I think you just came across a bad apple. The "leos" I know are very nice people (both male and female). My male friend has an awesome zest for life and whenever we hung out we had a blast together.


Sorry you're hurting though.
Thank you.

He can be sooooooo amazing when he wants to be but the other side of him is extremely toxic. And it’s not just the lies it’s loads of other things that are just all wrong. sometimes I wonder if he has mental issues and needs to see a therapist. I honestly think once I move forward that We can be friends in the future. I don’t think he is relationship or marriage material, not for me at least.
@RH01112019 I can’t tell you how many times my Leo done left me shocked and speechless. He would also do the same thing when I would find out stuff about him he would try to dig information on me and try to play that reverse psychology. You have to make them think about what they have done by not arguing with them then walk away and give them space.
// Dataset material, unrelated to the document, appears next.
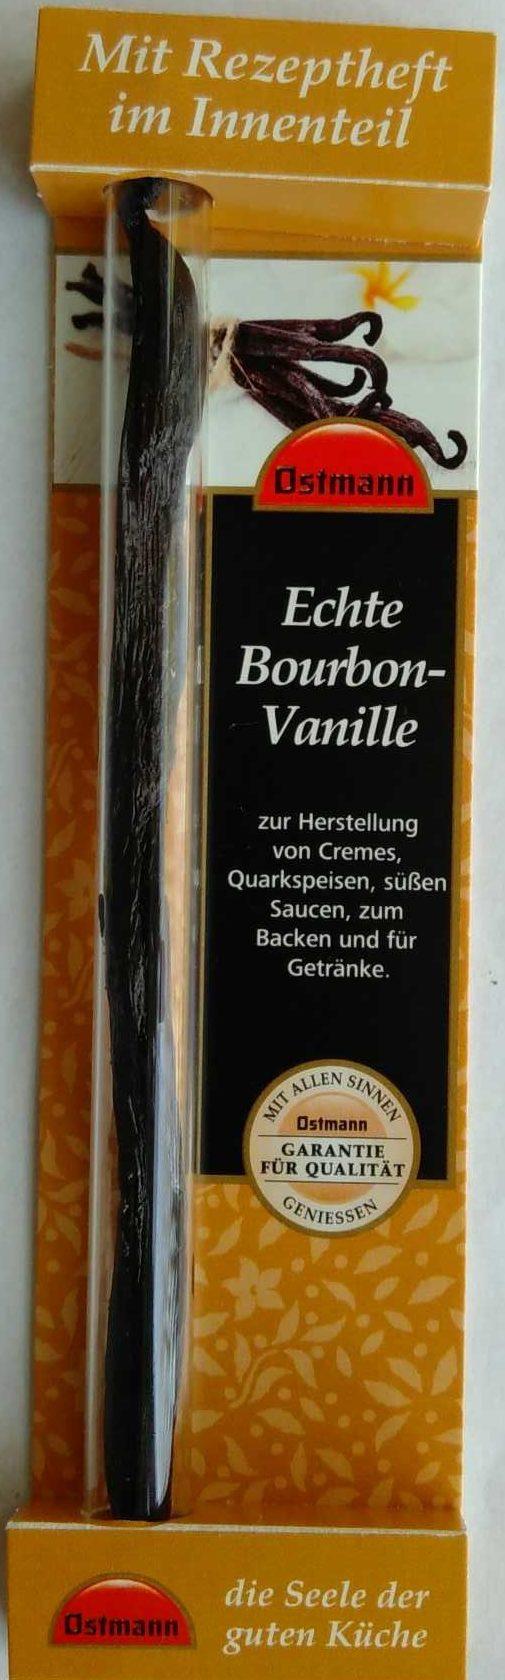 Echte Bourbon-Vanille - Product - de
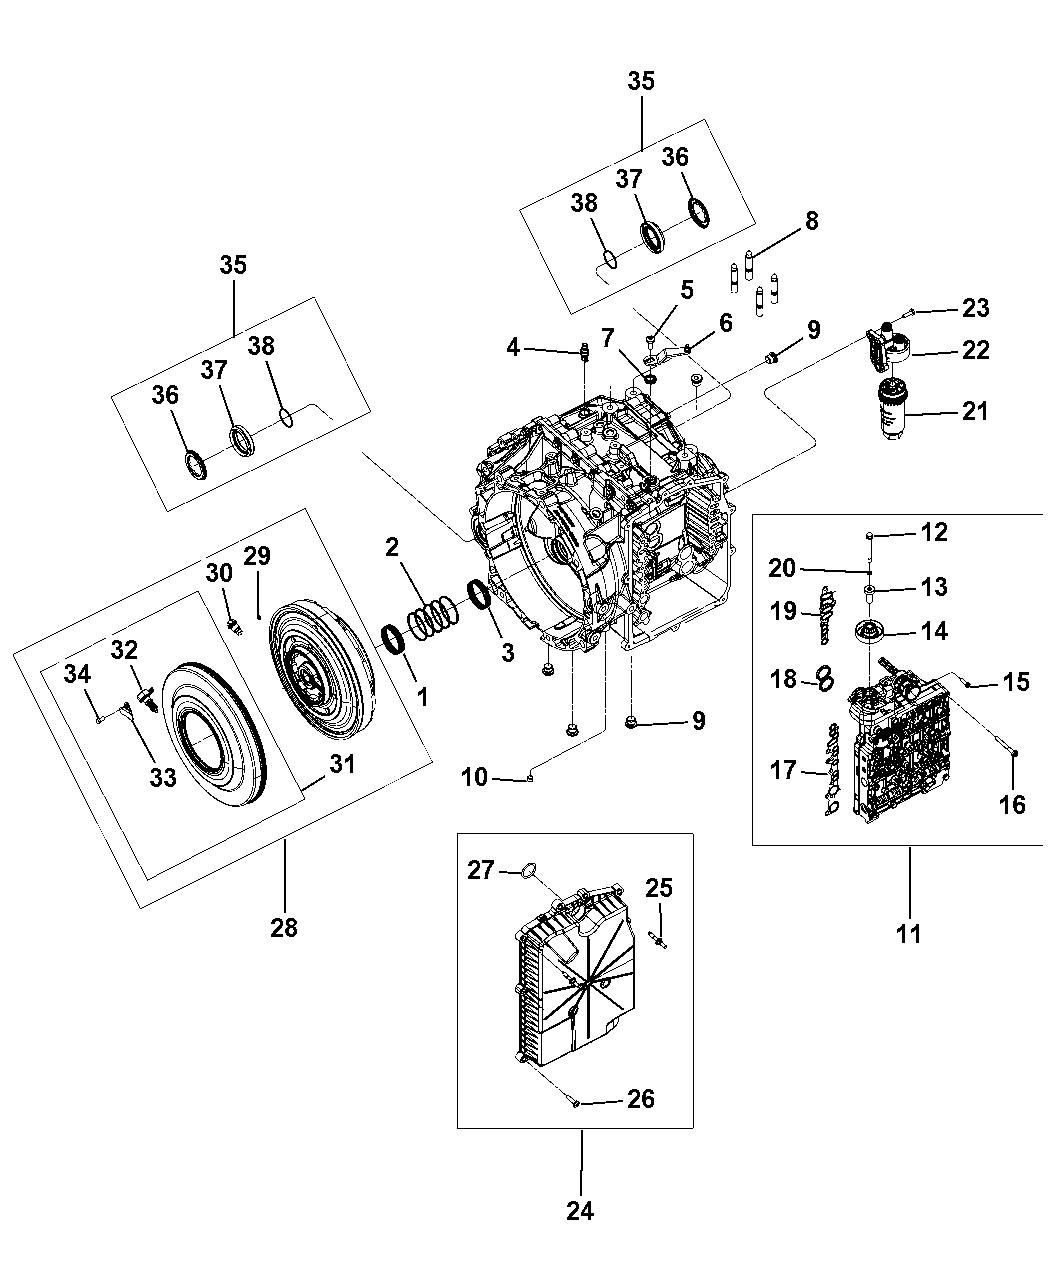 2008 chrysler sebring transmission serviceable parts

He has actually came out and said that he was wrong for somethings and continued to apologize. Every since I left he has been calling me trying to make things right but I’m just too tired and can’t take anymore disappointments. I hung in there as long as I could.
It's " hurt", not hurted. Sorry.
Posted by Aria1

Ignore her OP...


Sometimes people get in a bad mood.


If you'd like more advice you can PM me.